I knew he wouldn’t let me go with him. I knew he had promised Mama that he wouldn’t let me go into a whaleboat until I was twelve. I think Mama hoped all the whales would be gone by then. I think she knew I would never have the chance to do what Papa had done.

  By then the whale had surfaced, a few ship lengths ahead. He didn’t breach, only rose and lay there, just breaking the surface with his huge head. I could hear his long slow breaths from my perch. Papa looked up at me once, his face shining, then he was over the side, into the boat. I waited until it had splashed down and pulled well away, then slipped over the side, from the stern, where no one was watching. All the men were pressed against the rail on the port side, all eyes on the whale. I swam just behind the whaleboat, in its wake. I knew none of the men in the boat would see me. They, too, were bent on the whale, only the whale. I kept my head low and stayed close. It was hard to breathe in the churn of the wake, but if I swam in smooth water the men would see me and tell Papa. I swam well, keeping up easily.

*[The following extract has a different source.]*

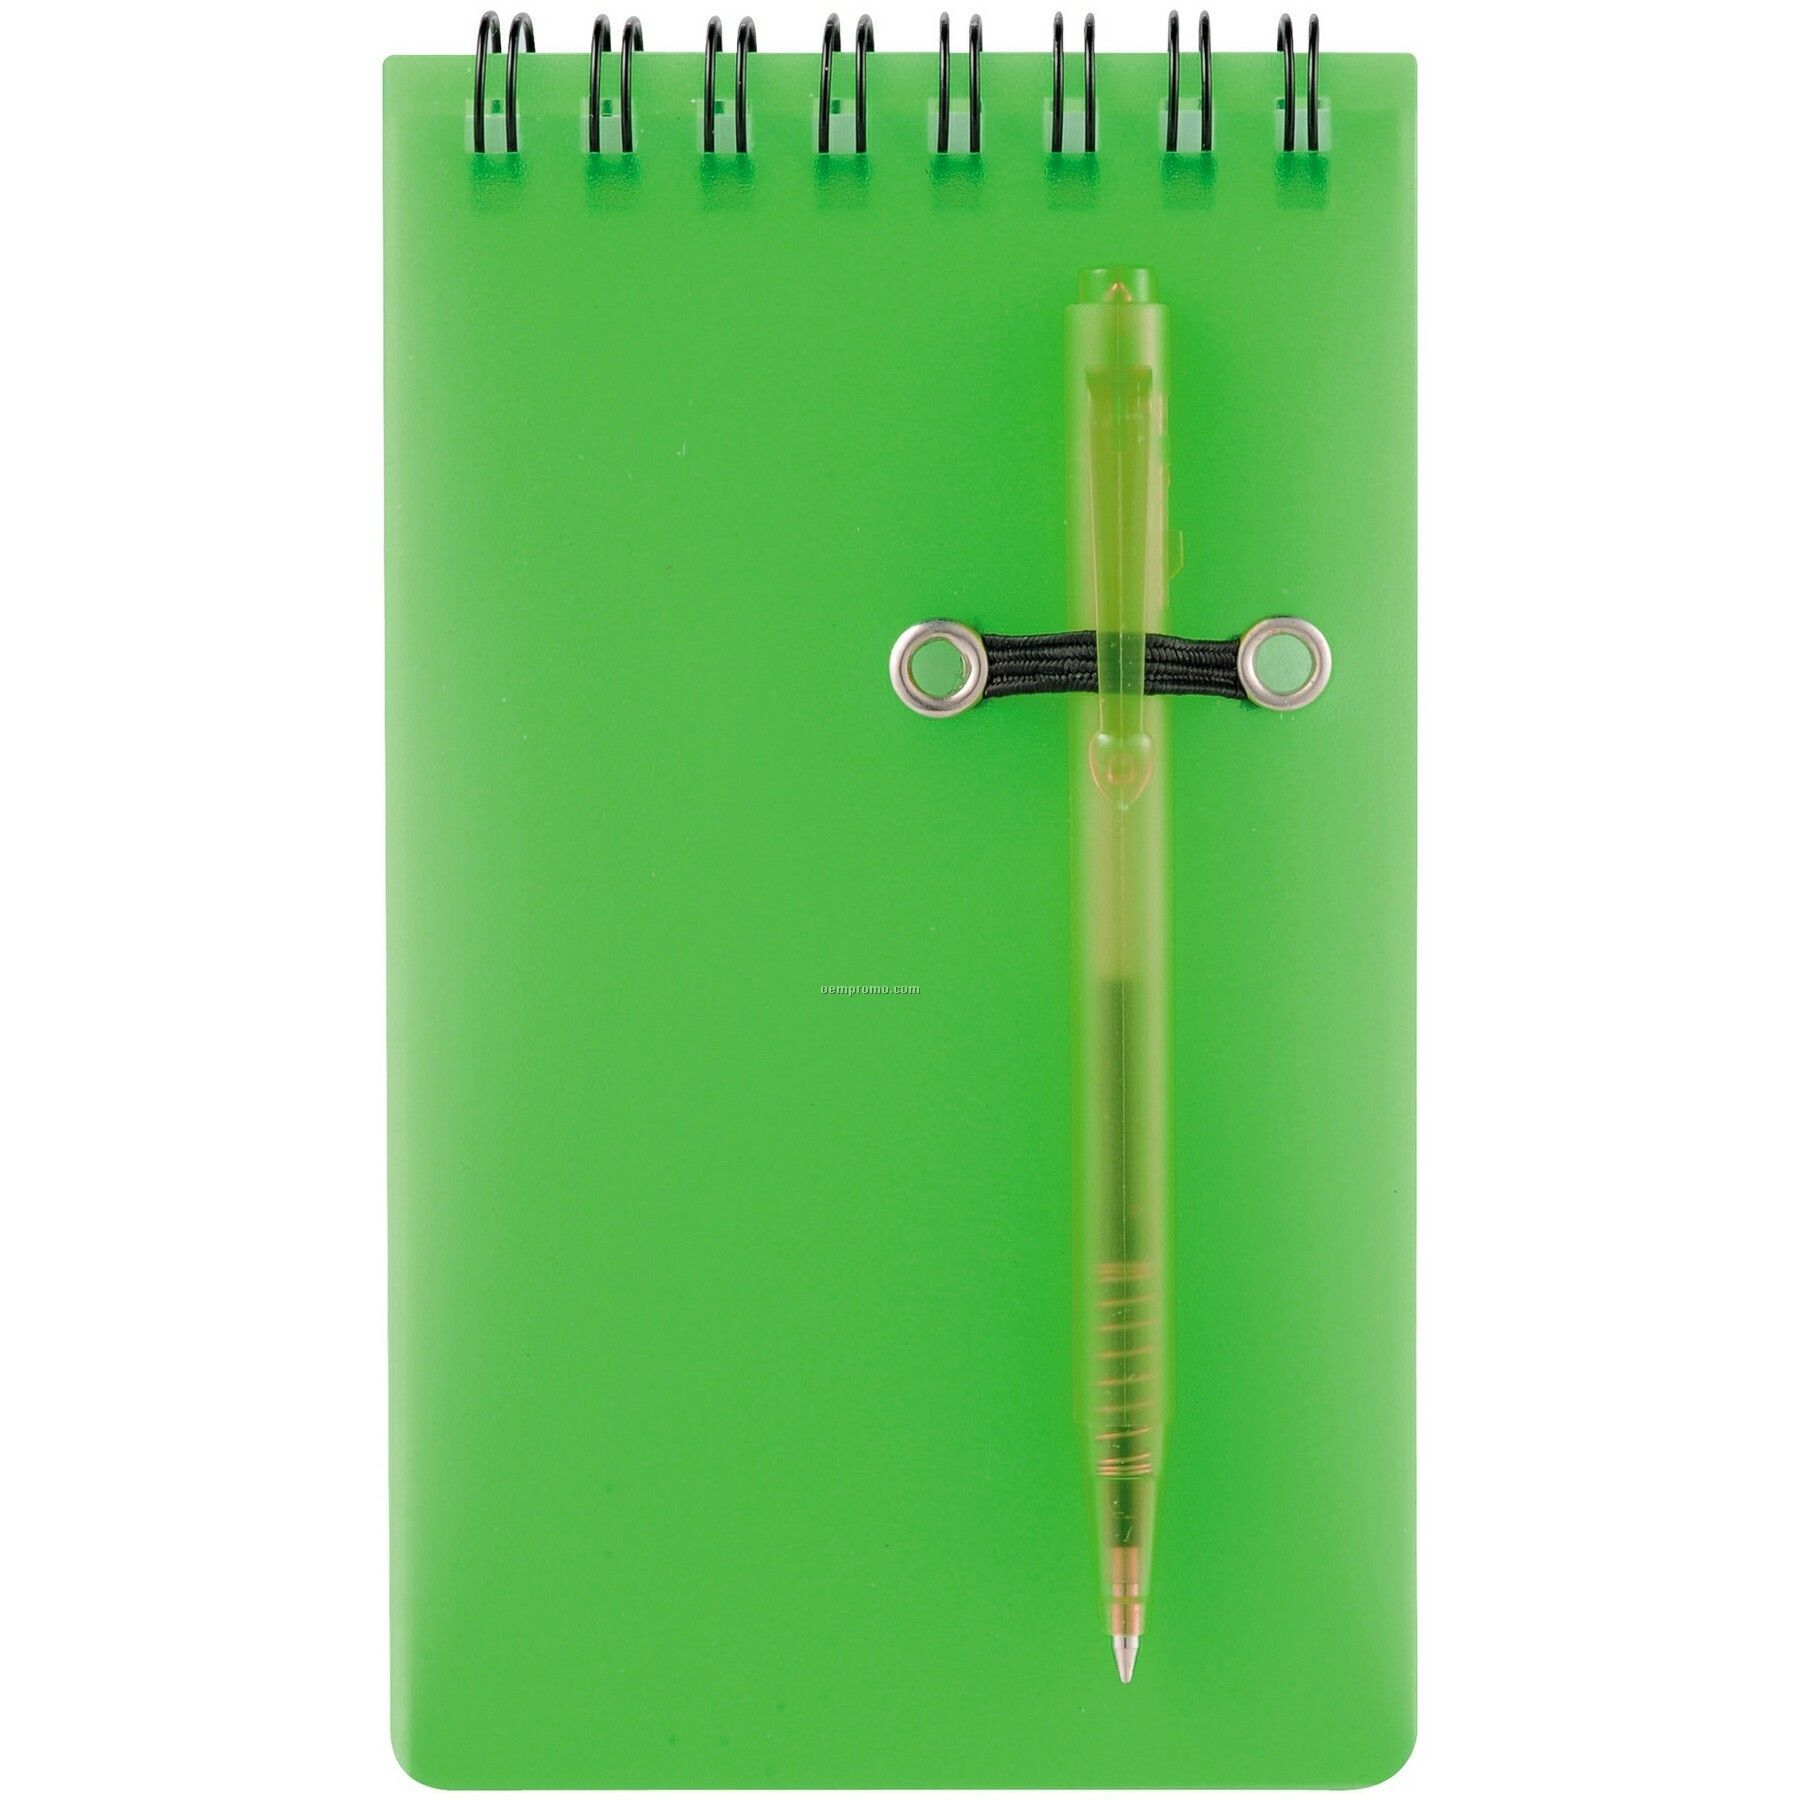 The Daily Spiral Jotter Notebook

  The whale didn’t at first seem to know the boat was coming close, it didn’t change its pace. I felt its body pull me closer. I turned away from the boat’s wake and let the smooth surge of water pull me along beside the whale, close to its flank. I reached out and clutched the edge of a great fin and rode along. It was an old whale. I could see in the clear water the places where its skin was scarred in circles by the suckers of giant squid and scored by shark teeth and jagged reefs. I could feel the surge of its heart under my hands. I didn’t know why Papa, why anyone, would want to kill such a thing as that whale. I would have been happy to swim with it forever. I felt the long smooth curve of the whale’s motion as it turned; I knew it was turning to face the men. The whale opened its long, long jaw and drew in a deep draft of sea. I saw, just before I was swept with startled fish down between the rows of teeth and into the dark, its little eye turn in its socket to look at me.

  Papa must have seen me, or one of the men saw and told him. By the time the whale was speared and dragged and Papa had pried open its jaws and come in to find me, I was already dead. The whale had not chewed me, I had simply drowned. Papa pulled me out in one piece.

  The men were silent as they rowed back to the ship, the whale in tow. Papa sat in the bow with me in his arms. When the boat had been winched up and the men were out, he lay me on the deck and smoothed the hair away from my face. He called the mate over and spoke to him. The mate leaned over the stern where the men were securing the whale with tackle and line. Cast it off, he said. Let it go. The men hesitated, then untied their knots and hauled in their lines, and the whale began to drift away, north by northwest, its head turning into the wind. They all stood at the taffrail to watch it go, so they didn’t hear the splash on the lee side when Papa dove in. They didn’t see him swim away, eastward. After they realized he was missing and had searched the ship, they thought he had drowned, and headed for home. But they must have had bad luck somewhere on the way, for the Verity never returned to Naiwayonk again.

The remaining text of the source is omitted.